Valor Econômico, v. 20, n. 4976, 07/04/2020. Finanças, p. C1
Prazo é resposta para crise dessa envergadura, diz Rial
Talita Moreira
As medidas já adotadas pelo Banco Central (BC) são suficientes para a retomada da atividade econômica dentro de alguns meses. O necessário, agora, é que o sistema financeiro dê prazo para empresas e pessoas físicas honrarem seus compromissos, afirmou o presidente do Santander Brasil, Sérgio Rial.
“Prazo é a resposta para uma crise desta envergadura”, disse o executivo ao Valor na tarde de ontem, durante entrevista transmitida ao vivo no site do jornal. “Os bancos estão preparados para dar prazo para as pessoas que querem pagar as suas dívidas, em parcelas que caibam no seu bolso.”
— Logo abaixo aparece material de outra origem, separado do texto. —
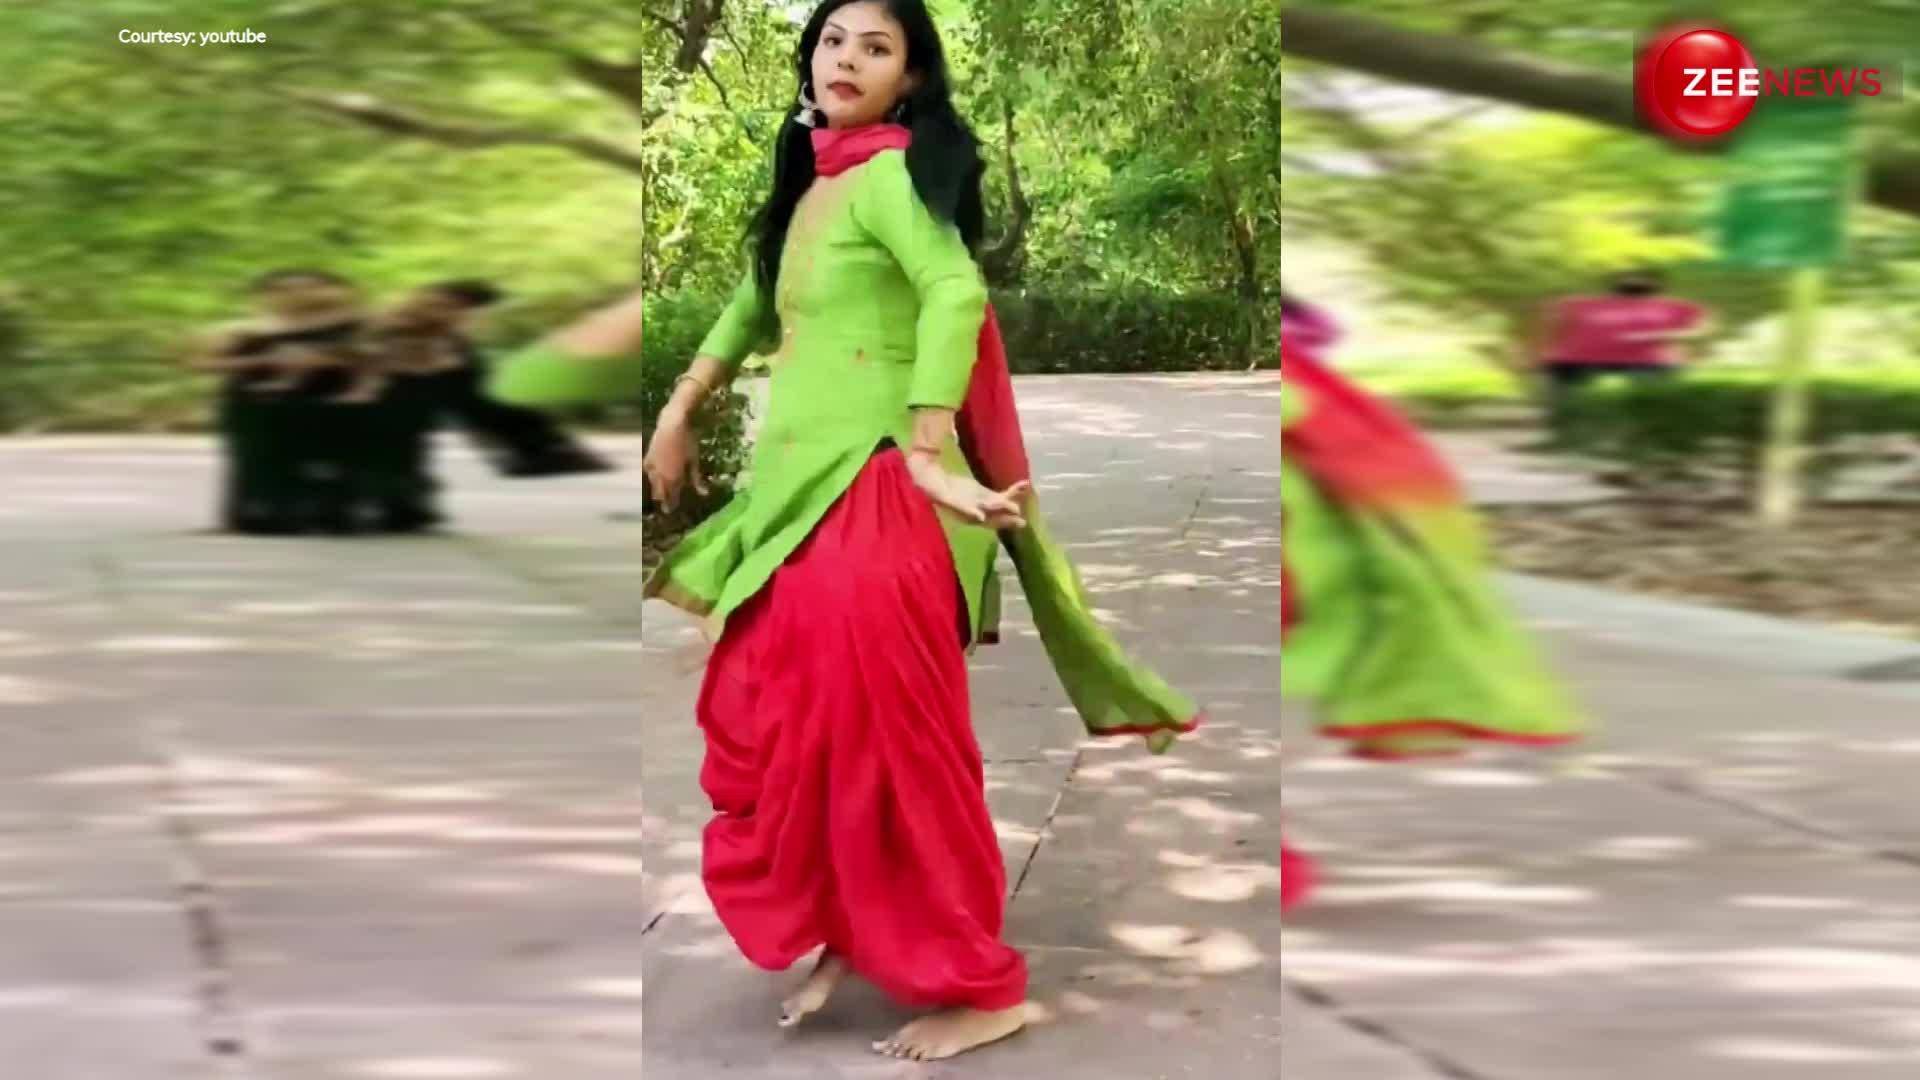 Desi Girl dance: पार्क में लड़की को डांस करते देख पड़ोस वाली आंटी ने की मम्मी से शिकायत...फिर हुआ कुछ ऐसा देख फटी रह गई सबकी आंखें

Uma recessão - no Brasil e no mundo -, o aumento da inadimplência e uma conta a pagar pela sociedade são consequências inevitáveis da crise imposta pela pandemia de coronavírus. No entanto, para o presidente do Santander, o colapso será muito maior caso não se dê fôlego para quem ficou sem caixa agora ou caso simplesmente os contratos sejam rasgados. Para Rial, é preciso chegar a um meio termo. “O que não dá para achar é que se vai resolver uma crise dessas em um ano”, afirmou.
Ontem, o Santander revisou sua projeção para o PIB brasileiro, e passou a prever uma contração de 2,2% para a economia em 2020 - podendo chegar a uma queda de 6% no pior cenário.
Rial disse considerar que foram justas as críticas feitas aos bancos sobre aumento de taxas de juros em meio à crise. Segundo ele, houve duas situações. Uma delas foi um aumento de spreads para as grandes companhias, que passaram a demandar mais recursos. A outra, em relação às pequenas empresas, foi um aprendizado das próprias instituições financeiras sobre as medidas que estavam saindo e sobre como fazer o dinheiro chegar à ponta num cenário inédito de risco. Agora, observou, a tendência é que haja um reequilíbrio.
O crédito à folha de pagamentos de pequenas empresas com apoio do Tesouro Nacional será importante para dar agilidade à liberação de recursos a esses negócios. “A junção do setor público com o setor privado foi extremamente benéfica porque nos permite [aos bancos] reagir muito rapidamente e não nos perdermos em discussões de comitês de crédito, de portfólio.”
Num cenário em que a crise se resolva dentro de três a cinco meses, Rial afirmou acreditar não ser necessária a adoção de novas medidas em que o Tesouro entre no risco de crédito, como fez no caso do crédito ao pagamento de salários. “Daqui para a frente, é execução.”
Ainda é cedo para quantificar o peso que a crise terá sobre a inadimplência, mas uma alta no custo do crédito é “inquestionável” para o presidente do Santander. De acordo com ele, esse movimento vai ficar mais visível no terceiro e no quarto trimestres. Mesmo assim, o executivo disse que dará alguma sinalização sobre esse impacto quando divulgar o resultado dos três primeiros meses deste ano.
O Santander adotou a renovação automática de todos os contratos de crédito de pessoas físicas e pequenas e médias empresas por 60 dias, com manutenção do valor das parcelas. Segundo Rial, o banco também vai parcelar em 24 meses, com dois meses de carência, a fatura mais recente do cartão de crédito, cobrando a metade da taxa habitual. A instituição financeira manterá o foco em pessoas físicas e em pequenas empresas, segmentos que passou a priorizar nos últimos anos. “Não vamos mudar nosso modelo de negócios.”
Um aspecto positivo da crise atual, segundo o presidente do Santander, é que os bancos estão bem preparados para enfrentar uma adversidade dessa magnitude. “O sistema financeiro brasileiro é forte, e isso é bom. O fato de ter um sistema capaz de lidar com esse tipo de choque é superimportante. [Do contrário] Não haveria crédito e estaria recuperando tudo o que pudesse”, afirmou. “Para cada R$ 1 que um banco produz em lucro, não há necessidade de demonizar. Volta em dividendos, volta em empregos e volta em impostos.”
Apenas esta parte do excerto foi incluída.